# Damn straight..........



## paratrooper (Feb 1, 2012)

Staten Island Yankees respond to ?Blue Lives Matter Day? controversy


----------



## miketx60 (Jul 20, 2015)

Someone is always offended, but screw them.


----------



## hillman (Jul 27, 2014)

Jeez. Whining seems to have become completely acceptable nowadays. Is that because it works?


----------



## Goldwing (Nov 5, 2014)

It seems that the only lives that matter are the ones that depend on the nanny state for their bread and butter. If I got that wrong, please enlighten me.

GW


----------



## bluedog46 (Jan 29, 2015)

Blue lives matter


pants up!!! Dont loot!!!!


----------



## bluedog46 (Jan 29, 2015)

goldwing said:


> It seems that the only lives that matter are the ones that depend on the nanny state for their bread and butter. If I got that wrong, please enlighten me.
> 
> GW


You got that one right. I knew I hung around long enough we would agree on a post.

Liberals know how to destroy people by keeping them complacent.


----------



## Goldwing (Nov 5, 2014)

bluedog46 said:


> You got that one right. I knew I hung around long enough we would agree on a post.
> 
> Liberals know how to destroy people by keeping them complacent.


Even a clock that is stopped is right twice a day!

GW


----------



## bluedog46 (Jan 29, 2015)

goldwing said:


> Even a clock that is stopped is right twice a day!
> 
> GW


I use that one in addition to even the slowest polar bear will occasionally catch a fish.


----------



## shootbrownelk (May 18, 2014)

goldwing said:


> It seems that the only lives that matter are the ones that depend on the nanny state for their bread and butter. If I got that wrong, please enlighten me.
> 
> GW


 That's blacks who depend on the nanny state for their alcohol and crack. Do the dealers on the street corners take SNAP cards yet? O'bummer could sign an executive order declaring it legal, that'd be good for hundreds of thousands of Democratic votes.


----------



## bluedog46 (Jan 29, 2015)

shootbrownelk said:


> That's blacks who depend on the nanny state for their alcohol and crack. Do the dealers on the street corners take SNAP cards yet? O'bummer could sign an executive order declaring it legal, that'd be good for hundreds of thousands of Democratic votes.

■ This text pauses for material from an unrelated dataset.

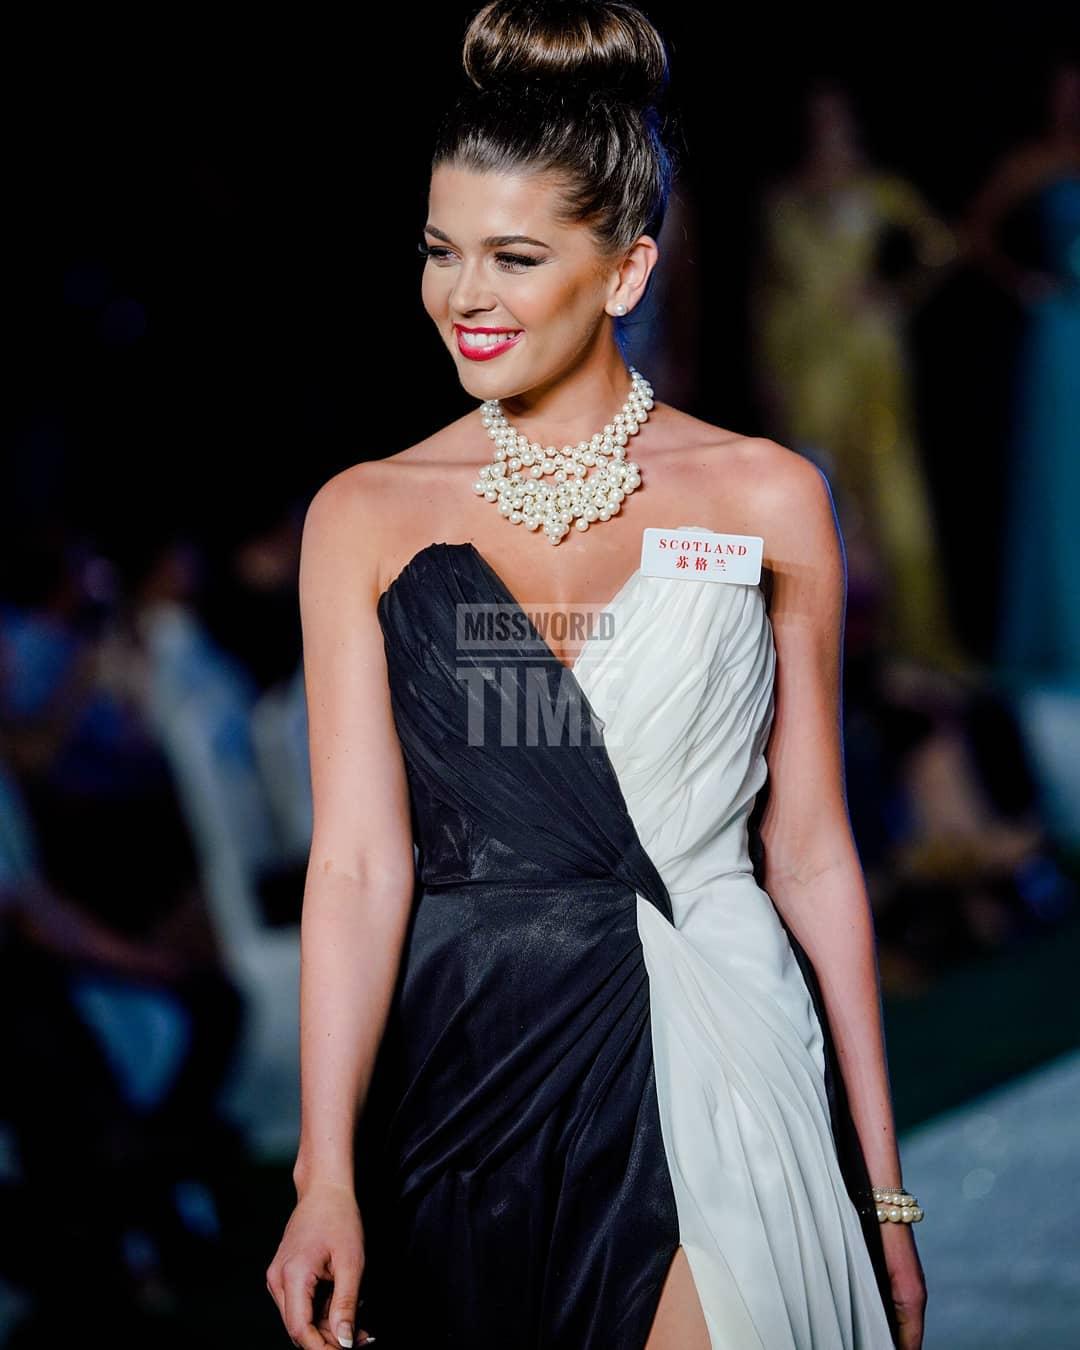 miss world 2018: fast track top model. vencedora: miss france. - Página 3 Cxzwvzfq

Its more than just blacks. Lots of other groups including whites as well, but it would not surprise me if obama did use and EO and liberals still defend him saying " its good for commerce" its amazing how democrats pander for votes with the money of taxpayers who wont vote for them.

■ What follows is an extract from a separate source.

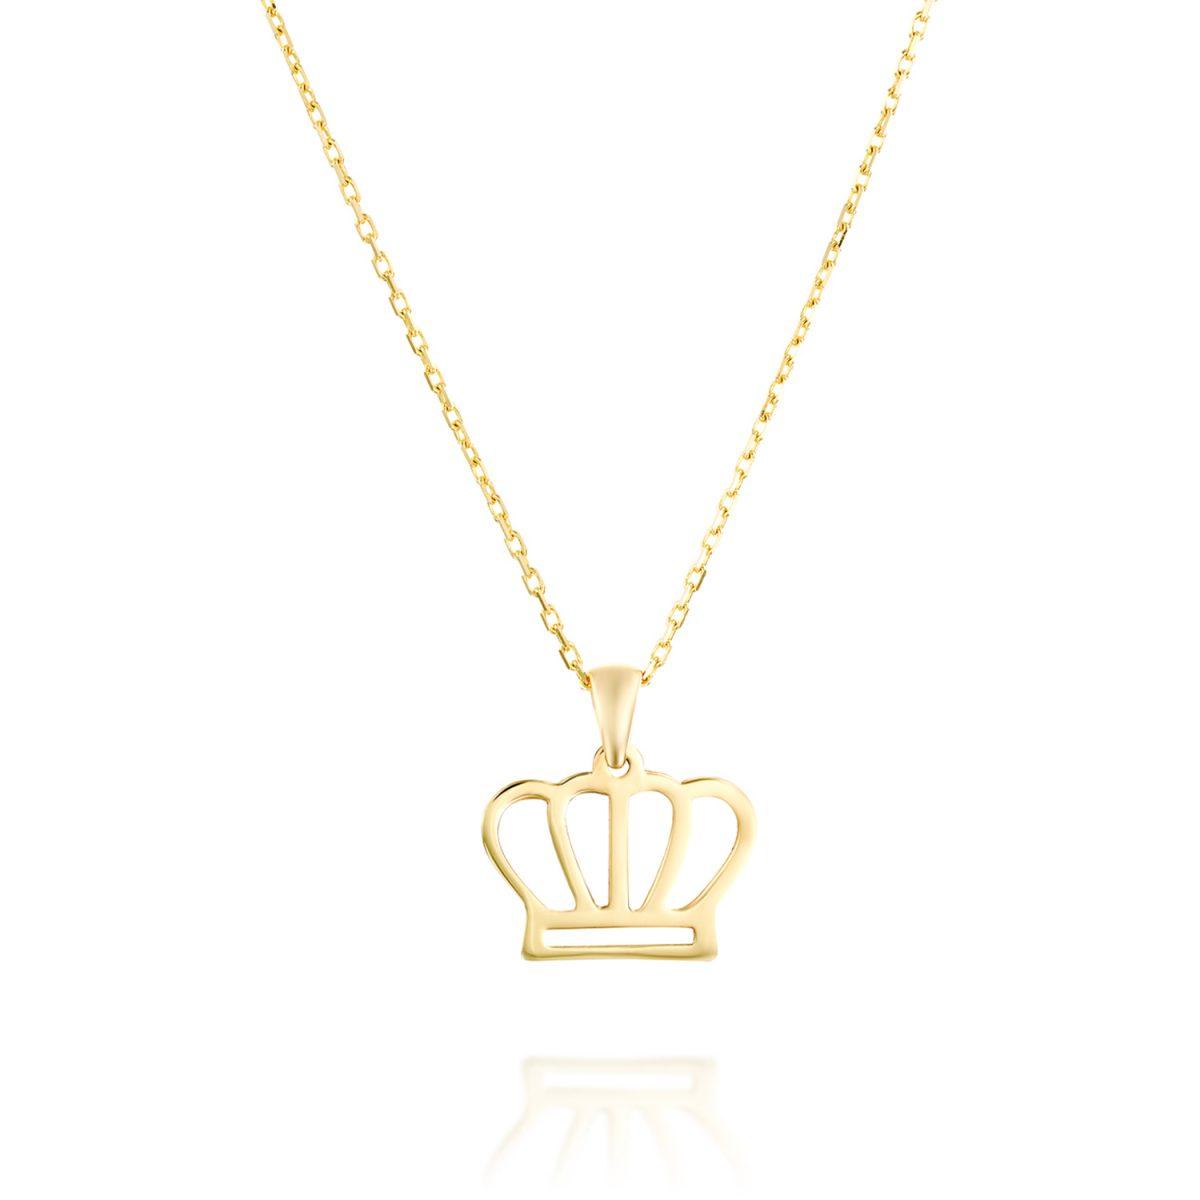 שרשרת זהב - כתר
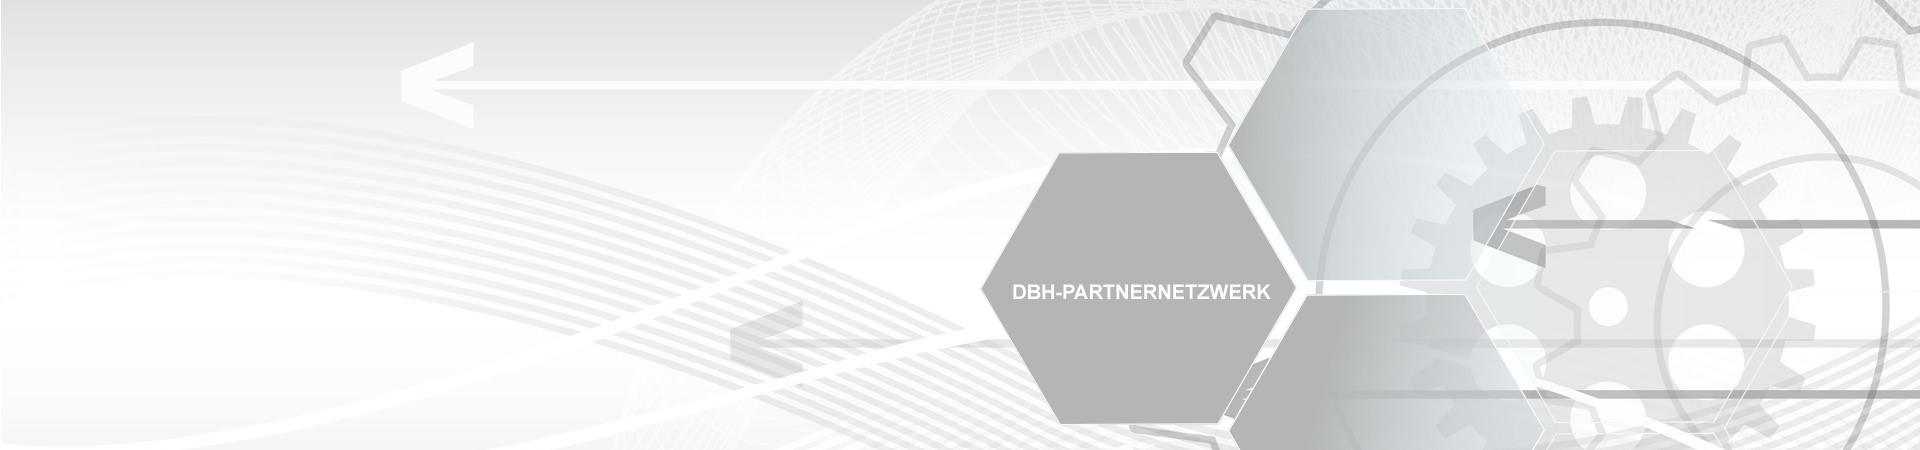 DBH Partnernetzwerk

Many drug dealers supposedly will exchange "products" for those cards at a percent of the dollar. I know a girl that works at the office that handles that stuff in jersey. i forget what its called there, but she said people call them all the time "Some one sold me a card that does not work" or "I sold my card, but need my stamps so I need you to cancel it before they use it and give me a new one"


----------



## miketx60 (Jul 20, 2015)




----------



## CW (Mar 20, 2015)

goldwing said:


> Even a clock that is stopped is right twice a day!
> 
> GW


and a Glock that is stopped, although nice, will wind up on Ebay..... [ or gunbroker...]


----------



## Philco (Apr 17, 2012)

I guess that we all need to wake up and grasp the real message behind "Black Lives Matter".........namely ONLY Black Lives Matter. The rest of us are here only to pick up the tab.


----------